#### Dataset excerpts ####
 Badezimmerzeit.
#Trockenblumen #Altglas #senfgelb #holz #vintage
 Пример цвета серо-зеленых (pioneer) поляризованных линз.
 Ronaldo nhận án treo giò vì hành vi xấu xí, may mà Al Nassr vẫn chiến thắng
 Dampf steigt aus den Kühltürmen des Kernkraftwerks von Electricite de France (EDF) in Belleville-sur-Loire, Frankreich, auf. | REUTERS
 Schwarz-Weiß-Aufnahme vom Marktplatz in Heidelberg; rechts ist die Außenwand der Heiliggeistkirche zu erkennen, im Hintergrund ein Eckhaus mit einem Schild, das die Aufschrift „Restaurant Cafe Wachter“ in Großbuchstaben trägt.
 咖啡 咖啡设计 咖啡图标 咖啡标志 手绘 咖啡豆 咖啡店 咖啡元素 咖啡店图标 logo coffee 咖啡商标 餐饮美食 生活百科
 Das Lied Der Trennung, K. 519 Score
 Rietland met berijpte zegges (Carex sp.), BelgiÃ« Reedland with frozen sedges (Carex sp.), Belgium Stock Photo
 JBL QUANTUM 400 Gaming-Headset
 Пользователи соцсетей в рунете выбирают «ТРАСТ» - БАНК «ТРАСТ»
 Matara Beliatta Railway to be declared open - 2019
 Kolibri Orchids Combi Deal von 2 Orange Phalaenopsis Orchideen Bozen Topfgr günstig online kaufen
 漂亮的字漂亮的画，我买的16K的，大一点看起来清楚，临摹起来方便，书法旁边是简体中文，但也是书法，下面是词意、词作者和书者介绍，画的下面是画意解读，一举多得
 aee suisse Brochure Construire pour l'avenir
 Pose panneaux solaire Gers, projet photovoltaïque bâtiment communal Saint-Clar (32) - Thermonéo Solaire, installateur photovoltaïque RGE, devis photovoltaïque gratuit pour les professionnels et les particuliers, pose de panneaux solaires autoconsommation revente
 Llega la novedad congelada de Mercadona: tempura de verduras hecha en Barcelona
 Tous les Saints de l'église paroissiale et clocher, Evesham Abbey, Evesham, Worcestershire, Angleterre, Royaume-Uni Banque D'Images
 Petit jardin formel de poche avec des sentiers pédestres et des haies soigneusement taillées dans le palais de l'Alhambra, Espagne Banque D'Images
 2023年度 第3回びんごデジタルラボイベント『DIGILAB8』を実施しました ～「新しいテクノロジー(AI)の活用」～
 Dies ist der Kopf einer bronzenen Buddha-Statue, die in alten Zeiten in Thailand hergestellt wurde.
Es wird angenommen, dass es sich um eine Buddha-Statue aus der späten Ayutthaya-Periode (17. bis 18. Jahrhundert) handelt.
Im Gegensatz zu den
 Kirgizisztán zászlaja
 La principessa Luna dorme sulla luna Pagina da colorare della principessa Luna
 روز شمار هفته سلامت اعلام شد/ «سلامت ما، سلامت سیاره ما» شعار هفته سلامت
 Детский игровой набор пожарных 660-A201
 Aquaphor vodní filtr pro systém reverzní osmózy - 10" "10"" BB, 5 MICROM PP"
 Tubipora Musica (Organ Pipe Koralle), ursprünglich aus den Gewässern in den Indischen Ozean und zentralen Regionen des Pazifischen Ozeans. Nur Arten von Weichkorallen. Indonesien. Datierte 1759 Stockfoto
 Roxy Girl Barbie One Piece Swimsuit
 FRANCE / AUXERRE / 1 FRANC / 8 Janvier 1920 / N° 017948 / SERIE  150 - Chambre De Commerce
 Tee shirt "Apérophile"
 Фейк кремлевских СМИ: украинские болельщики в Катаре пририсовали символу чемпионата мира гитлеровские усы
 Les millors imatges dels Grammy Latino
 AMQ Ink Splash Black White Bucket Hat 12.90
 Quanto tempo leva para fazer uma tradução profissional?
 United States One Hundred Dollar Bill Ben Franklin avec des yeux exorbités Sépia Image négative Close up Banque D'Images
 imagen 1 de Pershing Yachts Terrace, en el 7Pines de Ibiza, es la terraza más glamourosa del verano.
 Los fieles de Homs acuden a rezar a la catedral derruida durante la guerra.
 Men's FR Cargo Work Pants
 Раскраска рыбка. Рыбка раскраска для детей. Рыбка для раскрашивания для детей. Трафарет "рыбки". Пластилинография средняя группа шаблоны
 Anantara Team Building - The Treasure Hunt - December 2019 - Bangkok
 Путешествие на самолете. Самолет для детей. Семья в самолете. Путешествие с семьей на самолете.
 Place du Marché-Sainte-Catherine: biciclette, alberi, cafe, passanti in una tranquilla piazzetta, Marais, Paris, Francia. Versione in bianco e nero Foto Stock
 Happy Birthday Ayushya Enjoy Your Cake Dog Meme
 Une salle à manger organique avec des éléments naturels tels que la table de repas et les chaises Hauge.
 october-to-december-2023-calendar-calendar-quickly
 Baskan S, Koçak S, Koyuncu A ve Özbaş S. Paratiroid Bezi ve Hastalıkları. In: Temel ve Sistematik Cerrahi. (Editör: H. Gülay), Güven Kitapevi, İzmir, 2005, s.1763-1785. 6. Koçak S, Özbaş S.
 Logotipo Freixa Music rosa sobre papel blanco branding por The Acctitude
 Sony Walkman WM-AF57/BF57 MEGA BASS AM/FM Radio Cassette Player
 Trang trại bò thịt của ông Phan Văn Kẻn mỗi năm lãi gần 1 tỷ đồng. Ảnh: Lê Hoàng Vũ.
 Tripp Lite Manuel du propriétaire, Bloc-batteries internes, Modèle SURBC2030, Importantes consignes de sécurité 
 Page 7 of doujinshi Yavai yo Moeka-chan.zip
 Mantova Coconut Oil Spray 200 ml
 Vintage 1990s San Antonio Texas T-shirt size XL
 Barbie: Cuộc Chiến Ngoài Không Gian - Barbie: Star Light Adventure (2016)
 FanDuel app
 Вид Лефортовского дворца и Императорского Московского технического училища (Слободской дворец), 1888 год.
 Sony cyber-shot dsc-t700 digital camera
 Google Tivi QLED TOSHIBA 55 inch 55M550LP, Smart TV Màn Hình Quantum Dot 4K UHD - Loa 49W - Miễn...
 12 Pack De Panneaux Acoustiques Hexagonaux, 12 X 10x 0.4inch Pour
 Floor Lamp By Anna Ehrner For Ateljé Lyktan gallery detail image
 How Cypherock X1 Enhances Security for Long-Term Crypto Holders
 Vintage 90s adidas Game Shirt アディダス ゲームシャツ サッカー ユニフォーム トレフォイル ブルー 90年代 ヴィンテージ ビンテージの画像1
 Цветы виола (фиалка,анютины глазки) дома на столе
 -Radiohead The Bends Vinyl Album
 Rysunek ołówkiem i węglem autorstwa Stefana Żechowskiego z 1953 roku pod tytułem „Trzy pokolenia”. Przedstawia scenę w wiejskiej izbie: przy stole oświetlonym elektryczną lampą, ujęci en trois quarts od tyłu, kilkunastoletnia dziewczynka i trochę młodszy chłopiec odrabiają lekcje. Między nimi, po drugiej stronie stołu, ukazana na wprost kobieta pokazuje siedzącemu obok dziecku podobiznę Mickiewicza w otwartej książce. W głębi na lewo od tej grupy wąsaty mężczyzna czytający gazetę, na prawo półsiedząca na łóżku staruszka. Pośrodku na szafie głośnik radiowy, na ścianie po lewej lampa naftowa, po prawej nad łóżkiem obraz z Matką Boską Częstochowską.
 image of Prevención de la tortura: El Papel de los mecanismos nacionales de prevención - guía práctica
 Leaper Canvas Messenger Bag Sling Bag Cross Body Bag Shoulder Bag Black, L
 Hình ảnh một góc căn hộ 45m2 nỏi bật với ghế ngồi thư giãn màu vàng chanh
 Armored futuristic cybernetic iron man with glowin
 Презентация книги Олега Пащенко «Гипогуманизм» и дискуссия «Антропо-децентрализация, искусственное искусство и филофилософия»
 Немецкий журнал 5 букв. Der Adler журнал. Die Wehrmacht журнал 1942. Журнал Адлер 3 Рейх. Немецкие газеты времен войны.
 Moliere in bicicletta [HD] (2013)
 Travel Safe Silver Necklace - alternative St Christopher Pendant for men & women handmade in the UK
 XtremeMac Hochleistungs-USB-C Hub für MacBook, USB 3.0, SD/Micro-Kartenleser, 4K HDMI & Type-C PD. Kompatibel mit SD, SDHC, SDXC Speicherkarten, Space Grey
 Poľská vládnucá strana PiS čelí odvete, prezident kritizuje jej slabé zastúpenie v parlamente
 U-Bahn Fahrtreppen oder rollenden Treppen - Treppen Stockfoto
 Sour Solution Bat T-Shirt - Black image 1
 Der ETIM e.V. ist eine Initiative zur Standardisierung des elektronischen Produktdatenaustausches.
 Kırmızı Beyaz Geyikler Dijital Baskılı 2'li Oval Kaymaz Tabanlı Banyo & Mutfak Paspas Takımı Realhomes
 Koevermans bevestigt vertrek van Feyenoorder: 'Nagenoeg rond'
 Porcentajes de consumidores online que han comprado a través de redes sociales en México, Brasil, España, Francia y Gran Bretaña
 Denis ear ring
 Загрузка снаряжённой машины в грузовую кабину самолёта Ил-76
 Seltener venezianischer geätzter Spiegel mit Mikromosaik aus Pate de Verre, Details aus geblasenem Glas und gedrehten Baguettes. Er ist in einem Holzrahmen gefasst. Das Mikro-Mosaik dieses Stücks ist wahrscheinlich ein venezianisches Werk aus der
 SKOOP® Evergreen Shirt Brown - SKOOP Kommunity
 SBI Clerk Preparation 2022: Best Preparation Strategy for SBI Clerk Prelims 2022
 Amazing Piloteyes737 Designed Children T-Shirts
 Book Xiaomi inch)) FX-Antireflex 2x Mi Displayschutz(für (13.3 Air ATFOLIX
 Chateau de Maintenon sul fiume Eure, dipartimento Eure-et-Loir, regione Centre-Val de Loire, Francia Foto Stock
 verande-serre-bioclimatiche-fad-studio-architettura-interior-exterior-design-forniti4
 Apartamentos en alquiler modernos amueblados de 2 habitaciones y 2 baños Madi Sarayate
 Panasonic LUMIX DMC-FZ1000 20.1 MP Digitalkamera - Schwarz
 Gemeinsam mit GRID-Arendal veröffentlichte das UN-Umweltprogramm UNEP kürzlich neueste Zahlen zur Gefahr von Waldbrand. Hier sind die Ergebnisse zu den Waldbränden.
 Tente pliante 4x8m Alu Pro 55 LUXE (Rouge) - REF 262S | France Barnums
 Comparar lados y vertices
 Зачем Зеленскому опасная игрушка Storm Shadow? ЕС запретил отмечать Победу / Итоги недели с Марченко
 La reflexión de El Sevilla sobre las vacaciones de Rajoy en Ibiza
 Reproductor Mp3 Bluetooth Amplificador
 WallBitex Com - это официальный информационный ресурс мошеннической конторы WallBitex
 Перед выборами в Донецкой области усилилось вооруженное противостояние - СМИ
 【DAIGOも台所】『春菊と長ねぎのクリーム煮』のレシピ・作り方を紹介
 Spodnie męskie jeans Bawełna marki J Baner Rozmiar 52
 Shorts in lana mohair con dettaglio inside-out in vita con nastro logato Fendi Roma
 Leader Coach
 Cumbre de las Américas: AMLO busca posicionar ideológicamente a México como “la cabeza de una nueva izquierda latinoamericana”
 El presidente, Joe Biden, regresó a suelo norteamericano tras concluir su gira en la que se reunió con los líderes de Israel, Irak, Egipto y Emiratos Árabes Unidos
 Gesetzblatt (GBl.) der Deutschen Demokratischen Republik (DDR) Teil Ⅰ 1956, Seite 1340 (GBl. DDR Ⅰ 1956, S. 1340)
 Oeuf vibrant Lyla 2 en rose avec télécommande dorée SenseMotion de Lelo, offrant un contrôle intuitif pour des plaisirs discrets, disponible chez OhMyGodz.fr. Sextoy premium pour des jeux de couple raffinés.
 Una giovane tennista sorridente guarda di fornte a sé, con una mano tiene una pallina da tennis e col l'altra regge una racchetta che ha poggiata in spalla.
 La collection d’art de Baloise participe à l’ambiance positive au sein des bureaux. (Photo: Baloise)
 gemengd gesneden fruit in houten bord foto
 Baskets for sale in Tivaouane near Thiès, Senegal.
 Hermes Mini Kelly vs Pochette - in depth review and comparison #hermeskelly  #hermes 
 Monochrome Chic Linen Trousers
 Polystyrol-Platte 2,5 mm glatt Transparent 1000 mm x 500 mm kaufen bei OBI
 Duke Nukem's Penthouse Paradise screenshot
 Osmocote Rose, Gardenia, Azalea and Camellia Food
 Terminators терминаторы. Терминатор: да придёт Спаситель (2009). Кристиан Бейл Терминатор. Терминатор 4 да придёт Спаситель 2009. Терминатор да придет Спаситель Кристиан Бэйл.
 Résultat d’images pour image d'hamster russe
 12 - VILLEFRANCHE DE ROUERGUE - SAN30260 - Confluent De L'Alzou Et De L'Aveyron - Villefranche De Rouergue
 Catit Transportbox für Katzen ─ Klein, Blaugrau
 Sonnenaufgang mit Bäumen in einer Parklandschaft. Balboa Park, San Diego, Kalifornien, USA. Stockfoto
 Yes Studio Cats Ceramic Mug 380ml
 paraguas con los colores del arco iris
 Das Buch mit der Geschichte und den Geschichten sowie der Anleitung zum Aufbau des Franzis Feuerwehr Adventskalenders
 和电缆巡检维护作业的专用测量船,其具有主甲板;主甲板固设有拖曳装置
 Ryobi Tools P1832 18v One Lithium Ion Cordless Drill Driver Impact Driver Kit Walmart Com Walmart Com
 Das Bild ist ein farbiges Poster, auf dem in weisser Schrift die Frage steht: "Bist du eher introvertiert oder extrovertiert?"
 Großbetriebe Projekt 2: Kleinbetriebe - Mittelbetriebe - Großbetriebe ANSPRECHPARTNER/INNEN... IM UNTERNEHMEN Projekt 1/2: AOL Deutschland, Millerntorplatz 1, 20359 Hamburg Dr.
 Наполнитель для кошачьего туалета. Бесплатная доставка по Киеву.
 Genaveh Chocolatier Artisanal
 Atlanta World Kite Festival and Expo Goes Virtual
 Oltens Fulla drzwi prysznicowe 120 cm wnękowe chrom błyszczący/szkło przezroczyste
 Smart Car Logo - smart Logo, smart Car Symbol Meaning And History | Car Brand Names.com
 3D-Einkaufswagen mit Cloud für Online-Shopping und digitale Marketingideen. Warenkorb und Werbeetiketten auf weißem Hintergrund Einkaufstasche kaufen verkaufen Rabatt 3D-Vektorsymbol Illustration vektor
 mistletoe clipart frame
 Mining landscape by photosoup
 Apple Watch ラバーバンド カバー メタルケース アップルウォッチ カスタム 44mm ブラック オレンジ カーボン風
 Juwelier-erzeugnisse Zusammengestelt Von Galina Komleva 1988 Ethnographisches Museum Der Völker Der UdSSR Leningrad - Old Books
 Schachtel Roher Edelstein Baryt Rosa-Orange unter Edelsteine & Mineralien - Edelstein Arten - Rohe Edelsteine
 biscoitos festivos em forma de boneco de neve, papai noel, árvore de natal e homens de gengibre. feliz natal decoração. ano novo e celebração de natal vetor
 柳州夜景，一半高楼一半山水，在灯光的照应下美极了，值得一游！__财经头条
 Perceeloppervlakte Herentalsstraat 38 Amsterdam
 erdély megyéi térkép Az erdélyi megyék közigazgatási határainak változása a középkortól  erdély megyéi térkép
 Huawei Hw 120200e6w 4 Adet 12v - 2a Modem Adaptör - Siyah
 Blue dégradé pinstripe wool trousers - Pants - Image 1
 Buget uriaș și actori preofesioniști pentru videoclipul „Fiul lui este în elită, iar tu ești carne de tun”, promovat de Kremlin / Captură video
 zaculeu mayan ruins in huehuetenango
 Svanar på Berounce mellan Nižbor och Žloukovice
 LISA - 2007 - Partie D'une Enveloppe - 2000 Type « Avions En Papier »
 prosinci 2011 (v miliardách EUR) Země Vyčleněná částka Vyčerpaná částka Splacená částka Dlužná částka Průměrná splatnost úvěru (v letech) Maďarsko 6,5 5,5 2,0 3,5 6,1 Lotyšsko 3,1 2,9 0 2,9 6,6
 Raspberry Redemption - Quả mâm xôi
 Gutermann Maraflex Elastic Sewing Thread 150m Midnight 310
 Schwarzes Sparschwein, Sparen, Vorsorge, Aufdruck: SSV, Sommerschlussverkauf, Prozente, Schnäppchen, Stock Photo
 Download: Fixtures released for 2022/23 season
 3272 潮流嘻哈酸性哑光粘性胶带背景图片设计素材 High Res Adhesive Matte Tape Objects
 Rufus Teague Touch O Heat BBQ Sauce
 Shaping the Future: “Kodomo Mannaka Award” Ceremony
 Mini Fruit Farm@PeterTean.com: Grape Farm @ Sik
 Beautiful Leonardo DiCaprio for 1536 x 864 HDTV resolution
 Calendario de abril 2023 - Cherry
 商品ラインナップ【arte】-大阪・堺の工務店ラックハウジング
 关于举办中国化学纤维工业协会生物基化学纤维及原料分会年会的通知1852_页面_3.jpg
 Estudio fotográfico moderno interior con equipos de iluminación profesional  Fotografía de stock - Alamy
####
Determine how many lines in the records include the word "Francia", and reply with that number alone.

3